Your seeing dropped mutations reported from nodetool tpstats ?
Take a look at the logs. Look for messages from the MessagingService with the
pattern "{} {} messages dropped in last {}ms" They will be followed by info
about the TP stats.
First would be the workload. Are you sending very big batch_mutate or multiget
requests? Each row in the requests turns into a command in the appropriate
thread pool.
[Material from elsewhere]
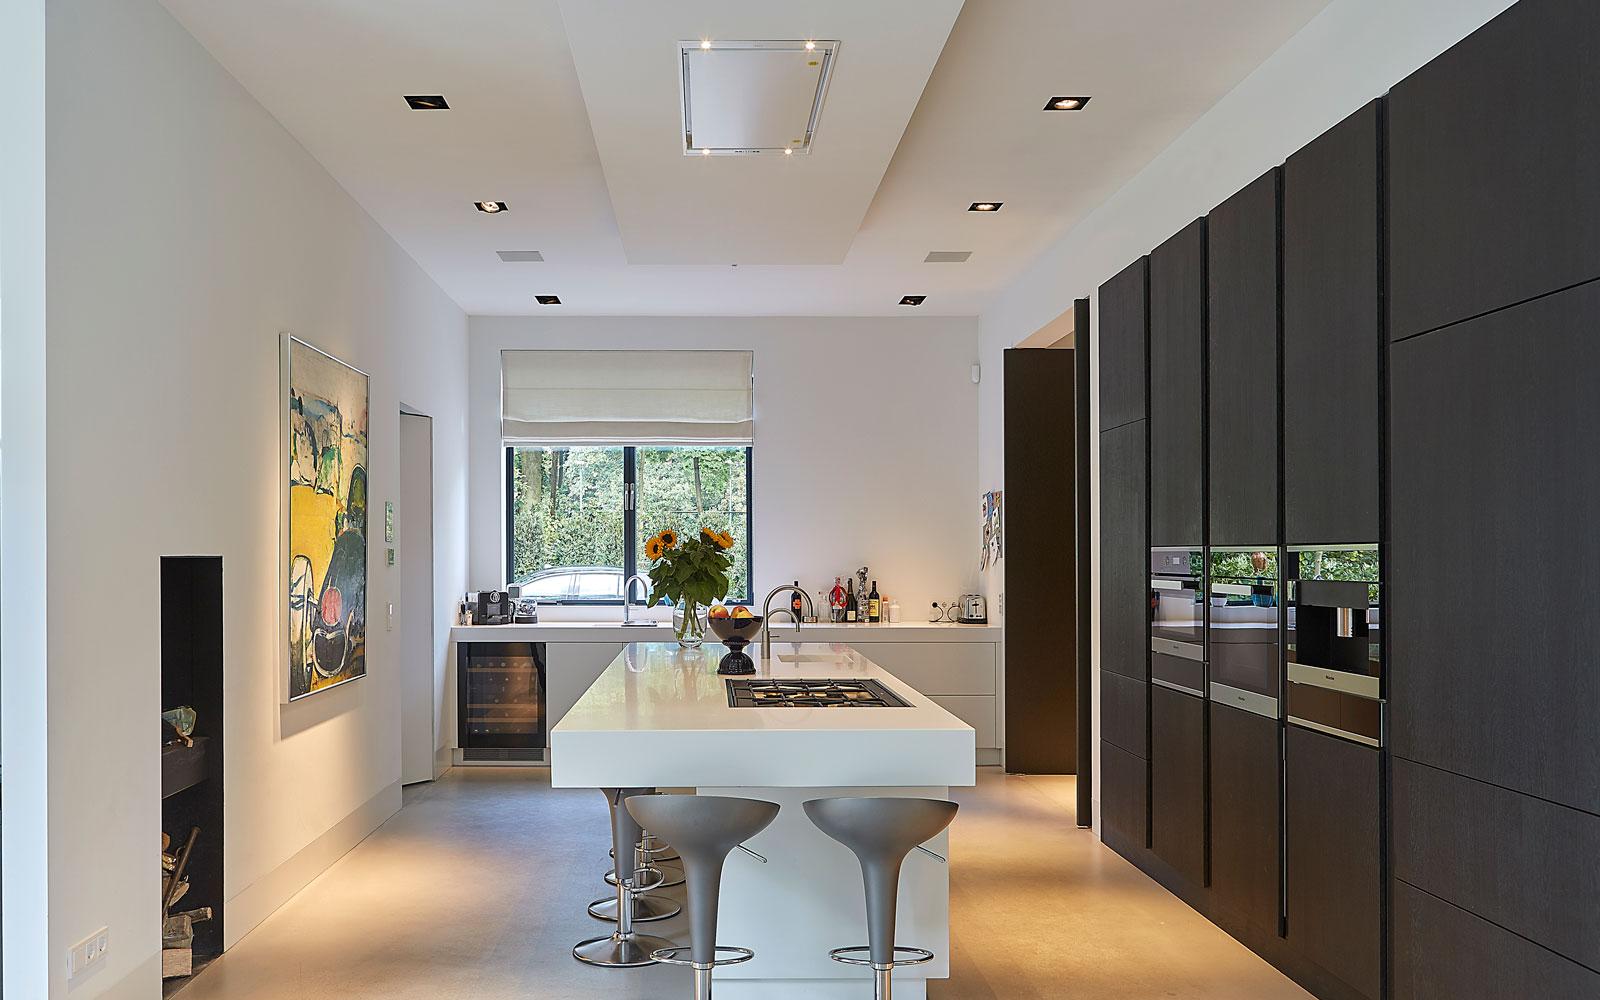 Keuken, maatwerk, Kuivenhoven Keukenfabriek, kookeiland Corian, Quooker heet waterkraan, symmetrische villa, PBV Architects

This can result in other requests waiting a long time for their
commands to get processed.
Next would be looking for GC and checking the memtable_flush_queue_size is set
high enough (check yaml for docs).
After that I would look at winding concurrent_writers (and I assume
concurrent_readers) back. Anytime I see weirdness I look for config changes and
see what happens when they are returned to the default or near default. Do you
have 16 _physical_ cores?
Hope that helps.
-----------------
Aaron Morton
Freelance Developer
@aaronmorton
http://www.thelastpickle.com
On 18/08/2012, at 10:01 AM, Guillermo Winkler <[email protected]> wrote:
> Aaron, thanks for your answer.
>
> I'm actually tracking a problem where mutations get dropped and cfstats show
> no activity whatsoever, I have 100 threads for the mutation pool, no running
> or pending tasks, but some mutations get dropped none the less.
>
> I'm thinking about some scheduling problems but not really sure yet.
>
> Have you ever seen a case of dropped mutations with the system under light
> load?
>
> Thanks,
> Guille
>
>
> On Thu, Aug 16, 2012 at 8:22 PM, aaron morton <[email protected]> wrote:
> That's some pretty old code. I would guess it was done that way to conserve
> resources. And _i think_ thread creation is pretty light weight.
>
> Jonathan / Brandon / others - opinions ?
>
> Cheers
>
>
> -----------------
> Aaron Morton
> Freelance Developer
> @aaronmorton
> http://www.thelastpickle.com
>
> On 17/08/2012, at 8:09 AM, Guillermo Winkler <[email protected]> wrote:
>
>> Hi, I have a cassandra cluster where I'm seeing a lot of thread trashing
>> from the mutation pool.
>>
>> MutationStage:72031
>>
>> Where threads get created and disposed in 100's batches every few minutes,
>> since it's a 16 core server concurrent_writes is set in 100 in the
>> cassandra.yaml.
>>
>> concurrent_writes: 100
>>
>> I've seen in the StageManager class this pools get created with 60 seconds
>> keepalive time.
>>
>> DebuggableThreadPoolExecutor -> allowCoreThreadTimeOut(true);
>>
>> StageManager-> public static final long KEEPALIVE = 60; // seconds to keep
>> "extra" threads alive for when idle
>>
>> Is it a reason for it to be this way?
>>
>> Why not have a fixed size pool with Integer.MAX_VALUE as keepalive since
>> corePoolSize and maxPoolSize are set at the same size?
>>
>> Thanks,
>> Guille
>>
>
>